**GOAL OF THE EXERCISE:**
Print the entire listing below word for word, excluding its pictures.

COLLECTED DATA START

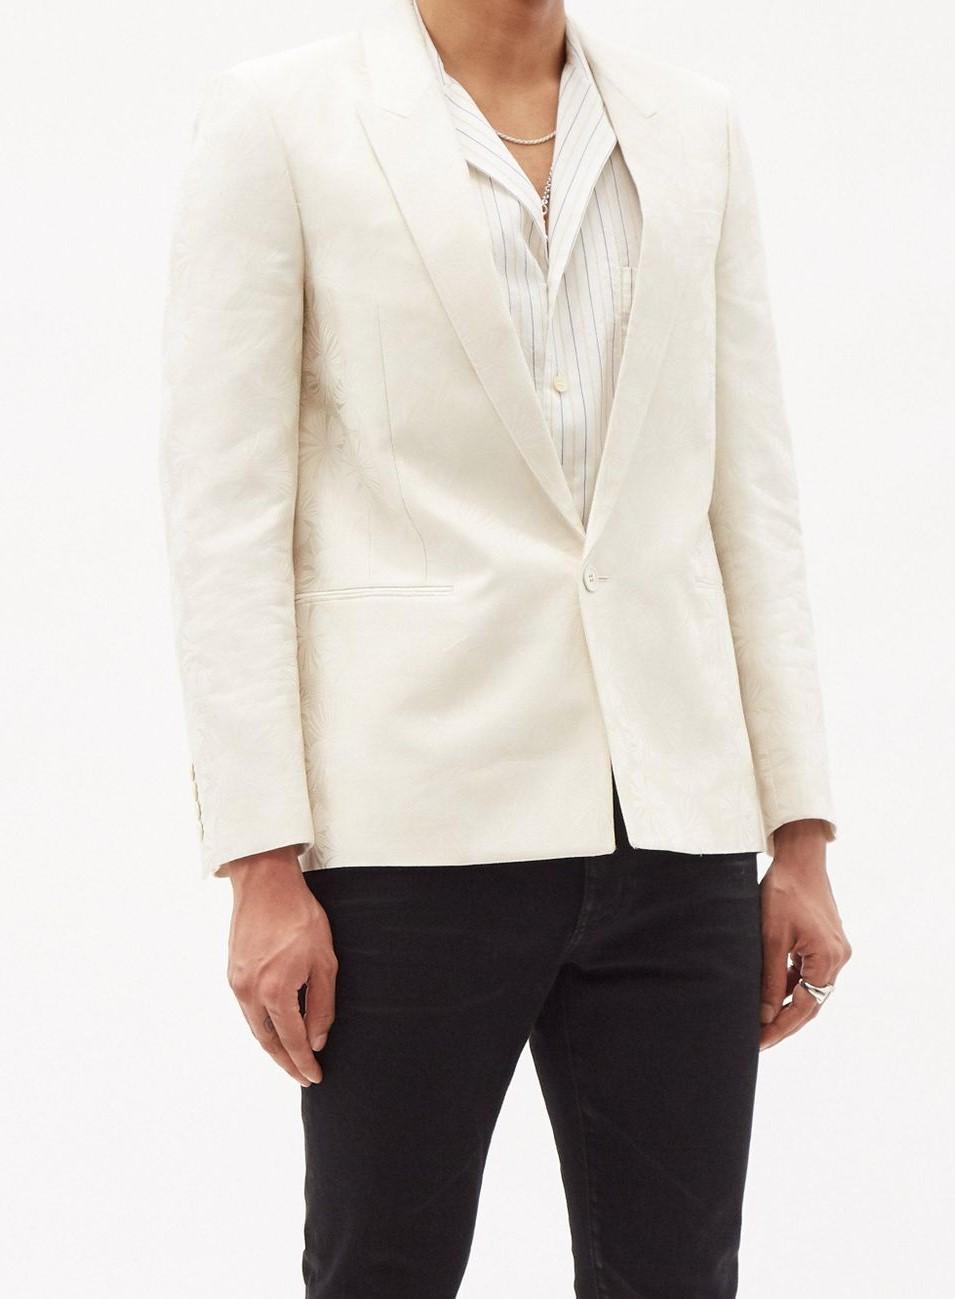 saint-laurent-white-Single-breasted-Floral-jacquard-Wool-blend-Blazer
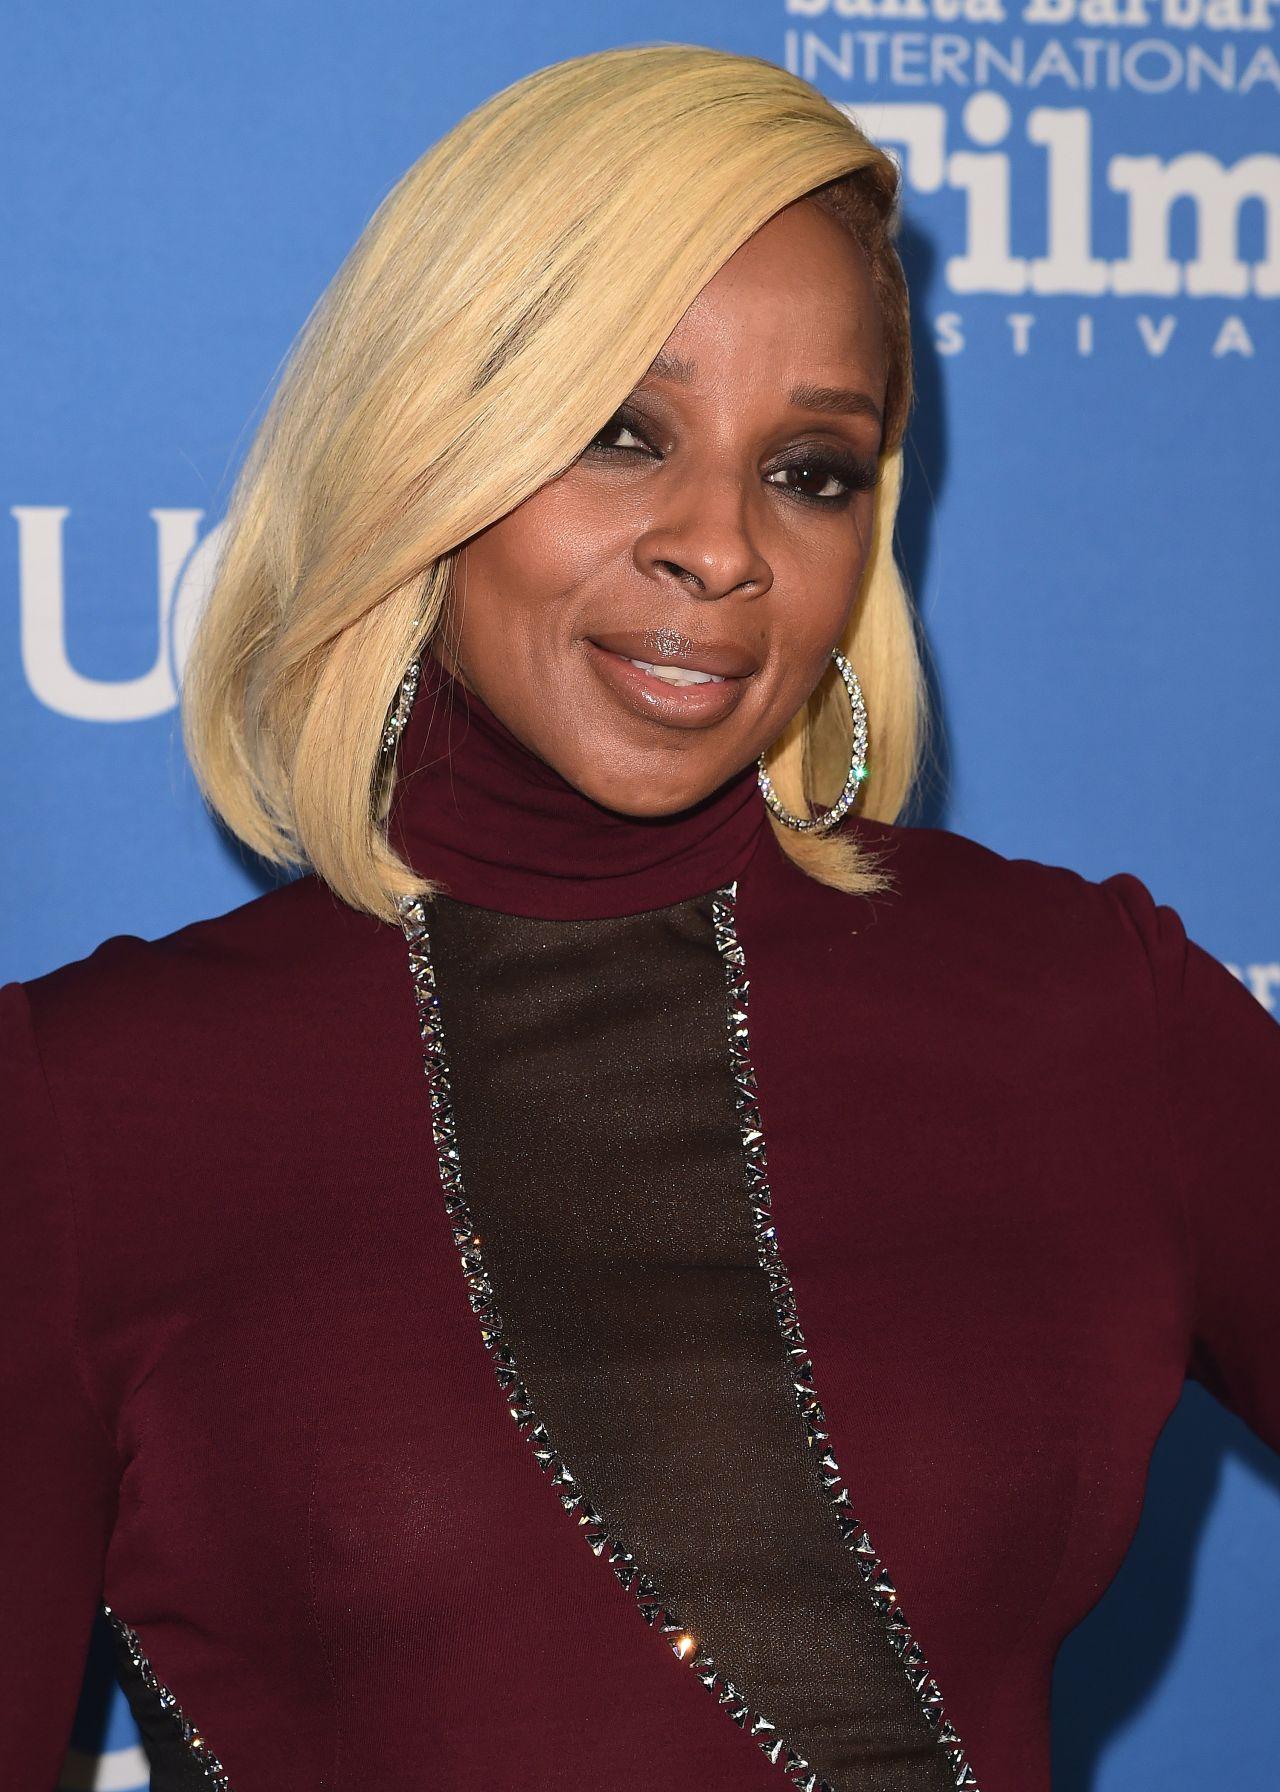 Mary J Blige 2018 Santa Barbara International Festival
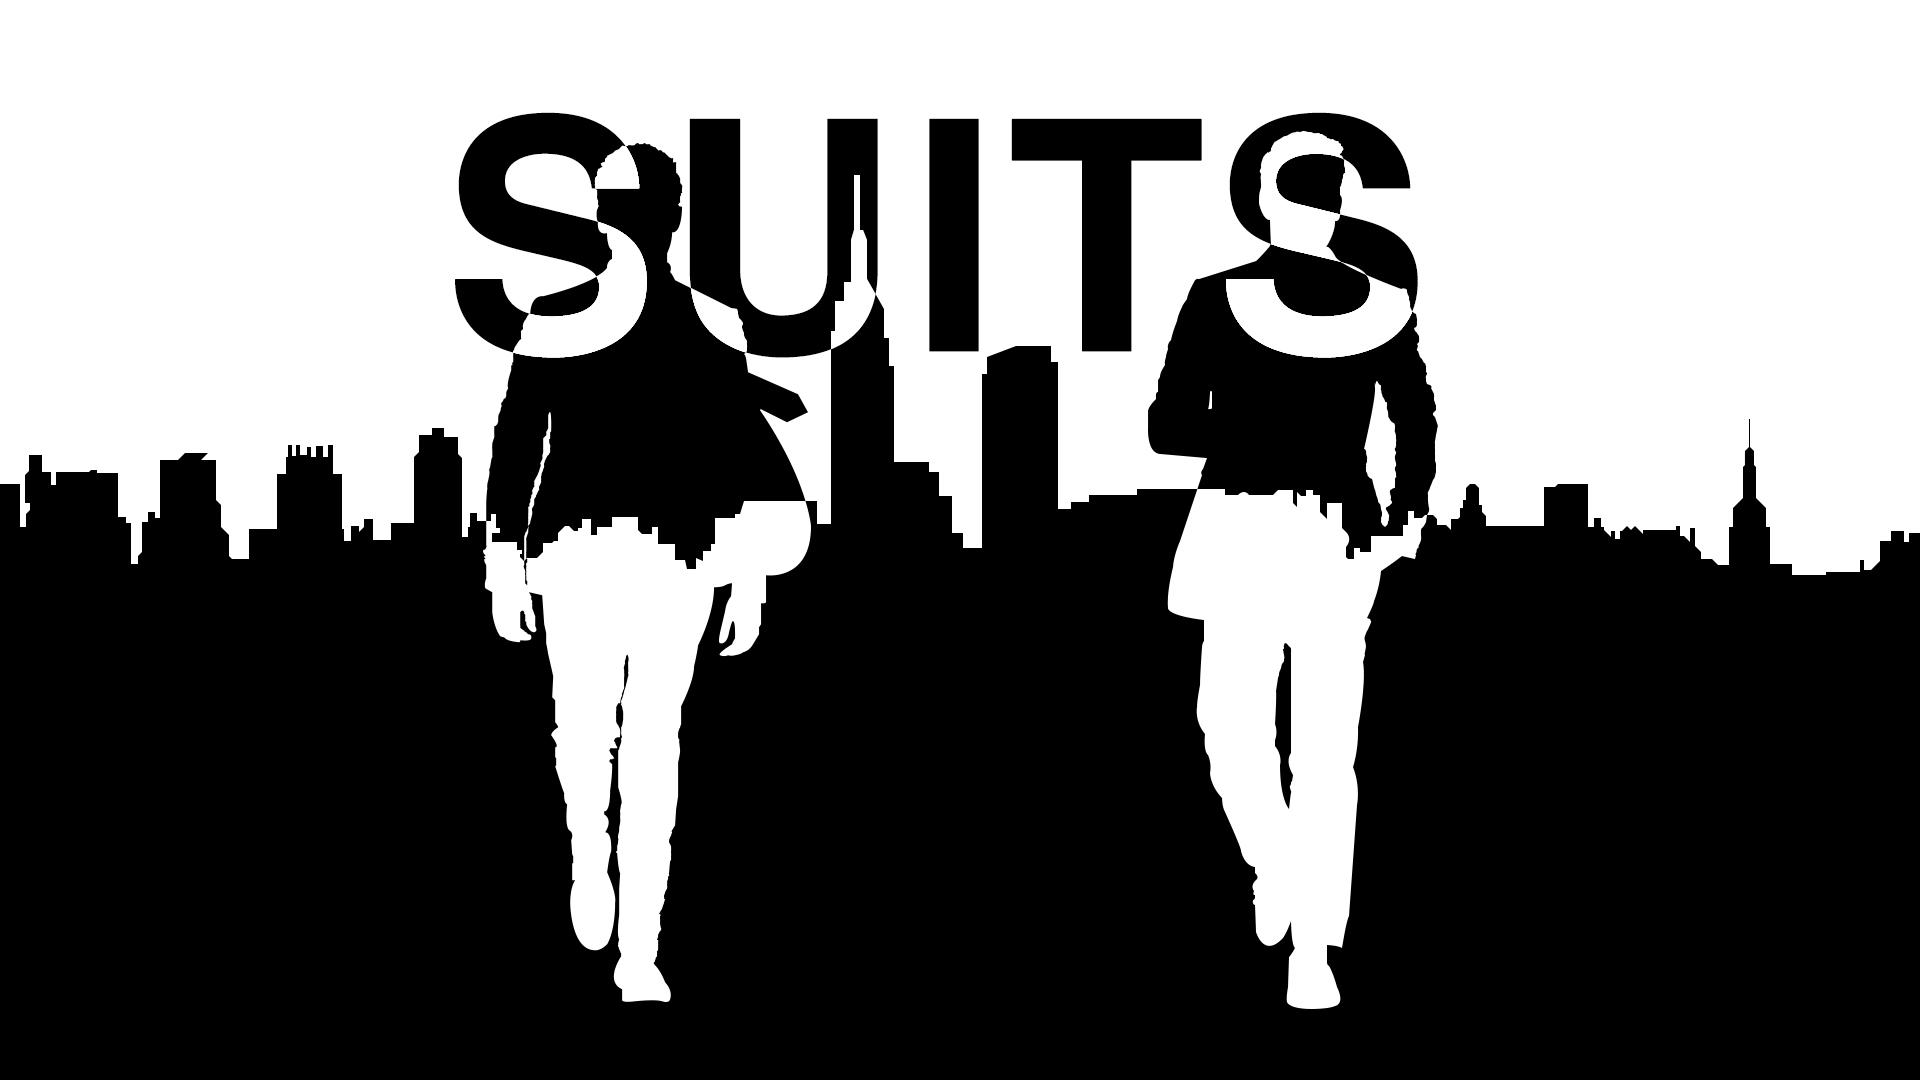 Suits - W garniturach tapeta7

COLLECTED DATA END

**RESULT:**
 saint-laurent-white-Single-breasted-Floral-jacquard-Wool-blend-Blazer
 Mary J Blige 2018 Santa Barbara International Festival
 Suits - W garniturach tapeta7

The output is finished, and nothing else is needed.